Registers a transaction from a Dataply instance to the global unit.

async commit(): Promise<void>

Executes a coordinated commit across all registered transactions. Note that without a prepare phase, this is a best-effort atomic commit.

async rollback(): Promise<void>

Rolls back all registered transactions simultaneously.

Extending Dataply

If you want to extend Dataply's functionality, use the DataplyAPI class. Unlike the standard Dataply class, DataplyAPI provides direct access to internal components like PageFileSystem or RowTableEngine, offering much more flexibility for custom implementations.

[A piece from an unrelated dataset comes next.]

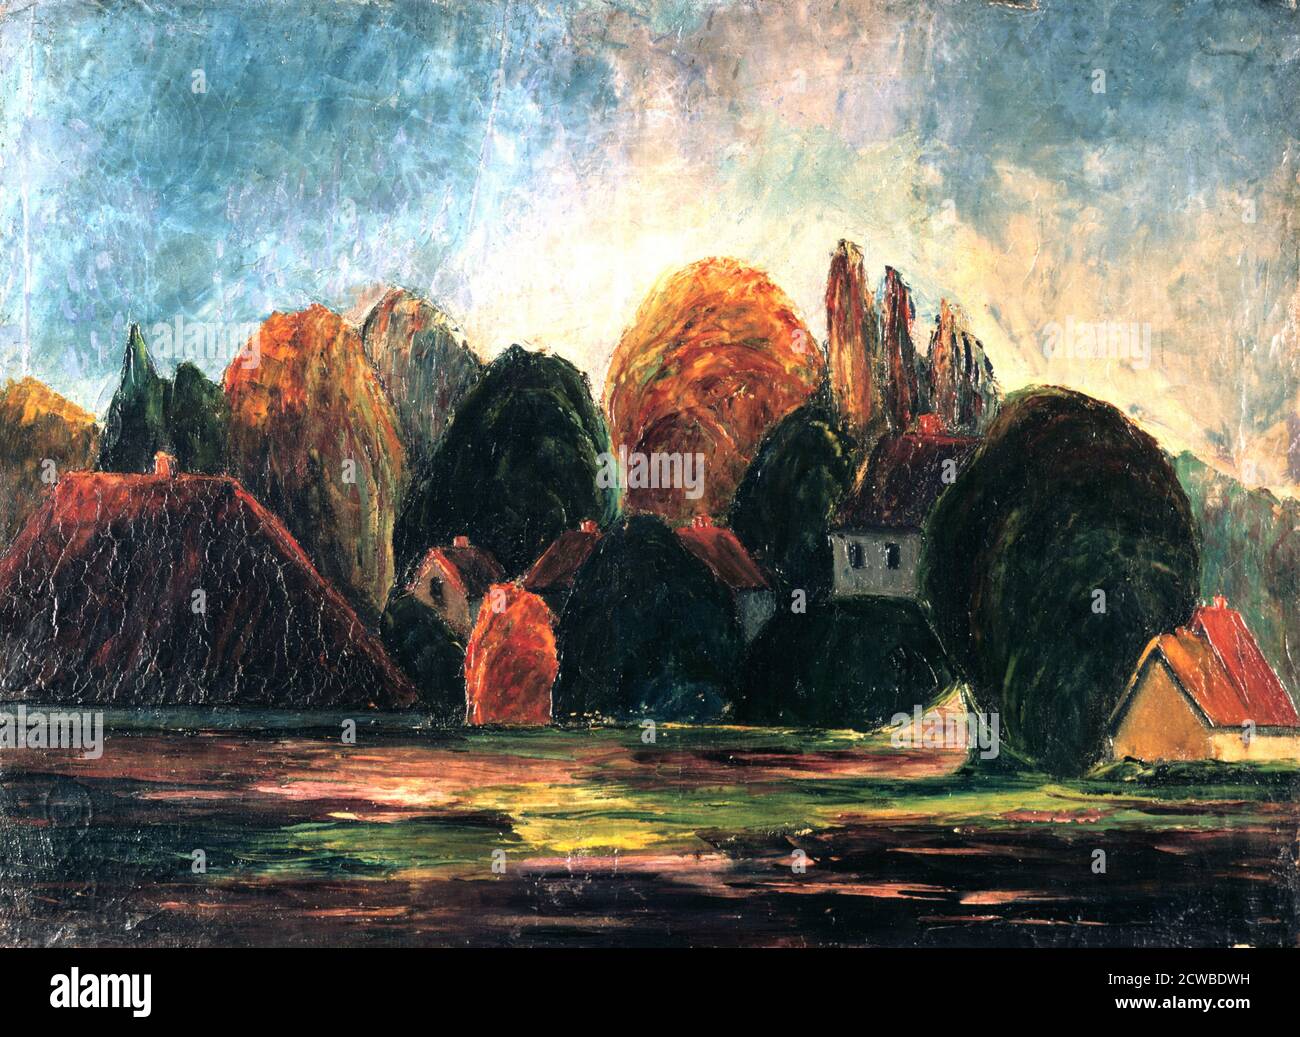 Norwegian Passage', c1900. Künstler: Edvard Munch. Edvard Munch ist ein norwegischer Maler, Expressionist und Drucker. Er spielte eine große Rolle im deutschen Expressionismus. Stockfoto
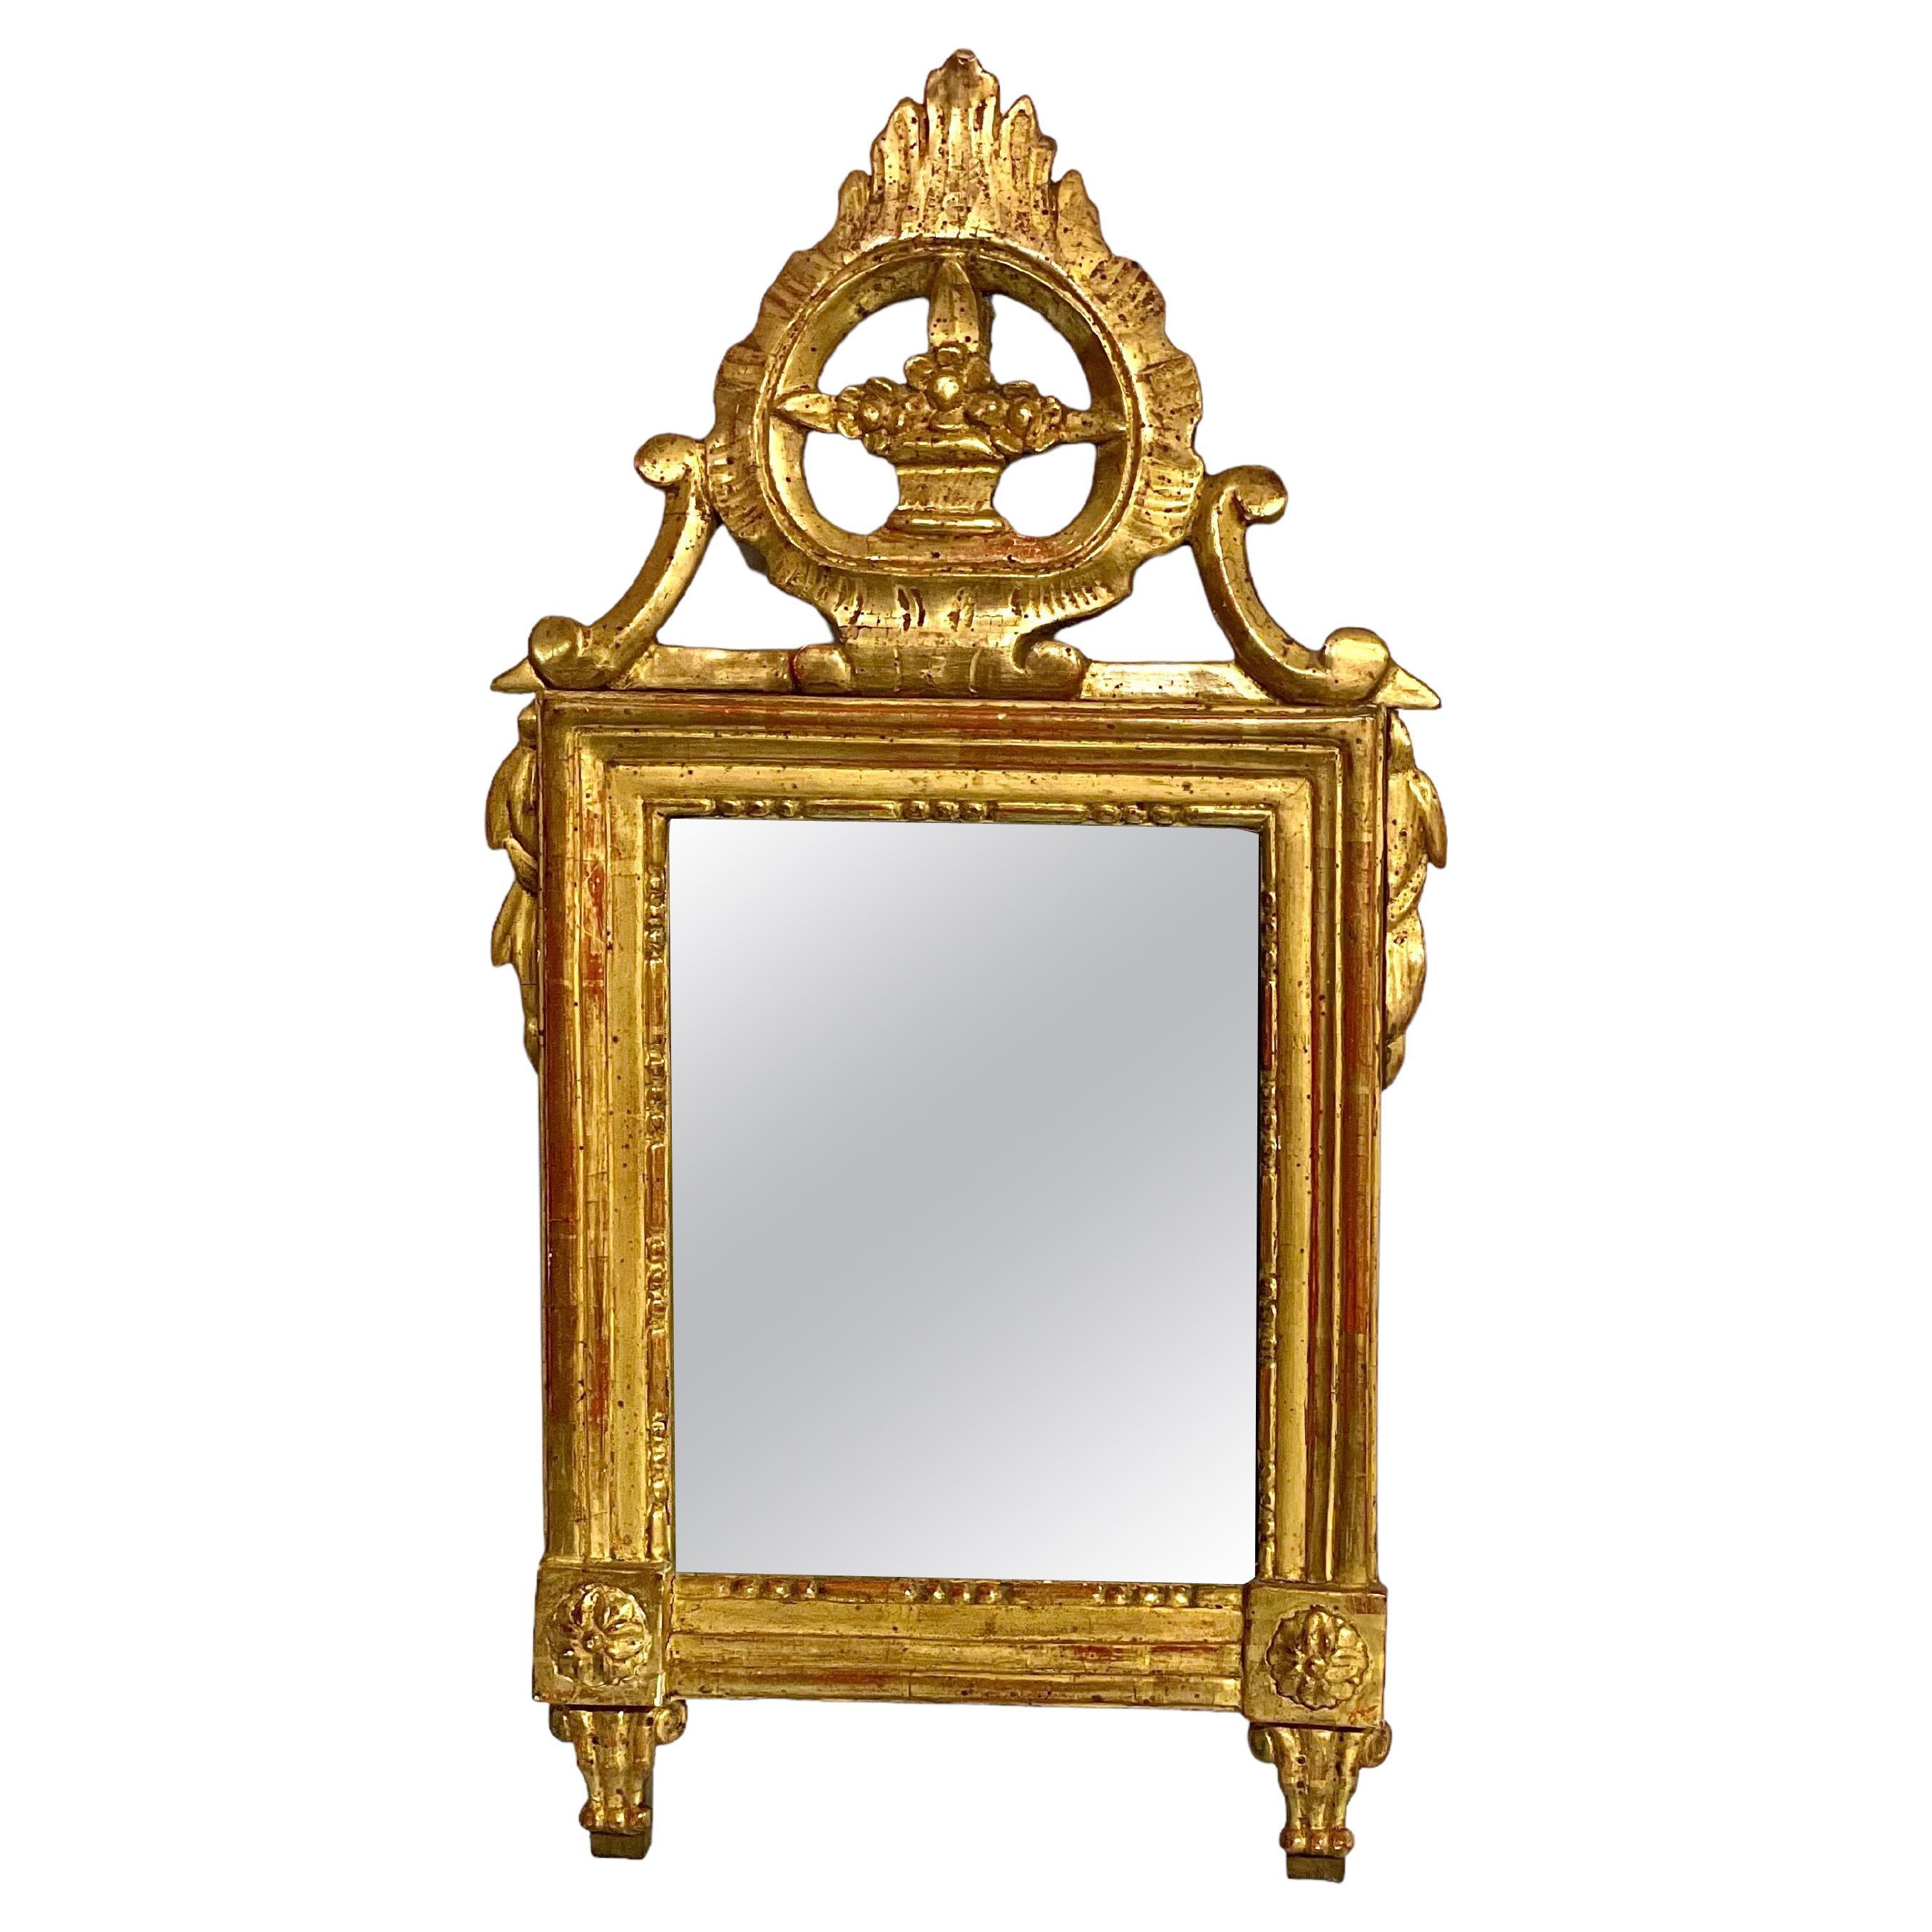 Miroir en bois doré d'époque Louis XVI du XVIIIe siècle

For a detailed guide and examples on how to extend Dataply using Hooks, see Extending Dataply Guide.

Using DataplyAPI

import { DataplyAPI } from 'dataply'

class CustomDataply extends DataplyAPI {
  // Leverage internal protected members (pfs, rowTableEngine, etc.)
  async getInternalStats() {
    return {
      pageSize: this.options.pageSize,
      // Custom internal logic here
    }
  }
}

const custom = new CustomDataply('./data.db')
await custom.init()

const stats = await custom.getInternalStats()
console.log(stats)

Internal Architecture

Dataply implements the core principles of high-performance storage systems in a lightweight and efficient manner.

For a detailed visual guide on Dataply's internal architecture, class diagrams, and transaction flow, please refer to the Architecture Guide.

1. Architectural Principles

  • Layered Architecture: Clear separation of concerns between API, Engine, Page System, and I/O Strategy.
  • MVCC & Snapshot Isolation: Separation of read/write paths using Undo Snapshots.
  • WAL-based Durability: Sequential log writing for reliability and crash recovery.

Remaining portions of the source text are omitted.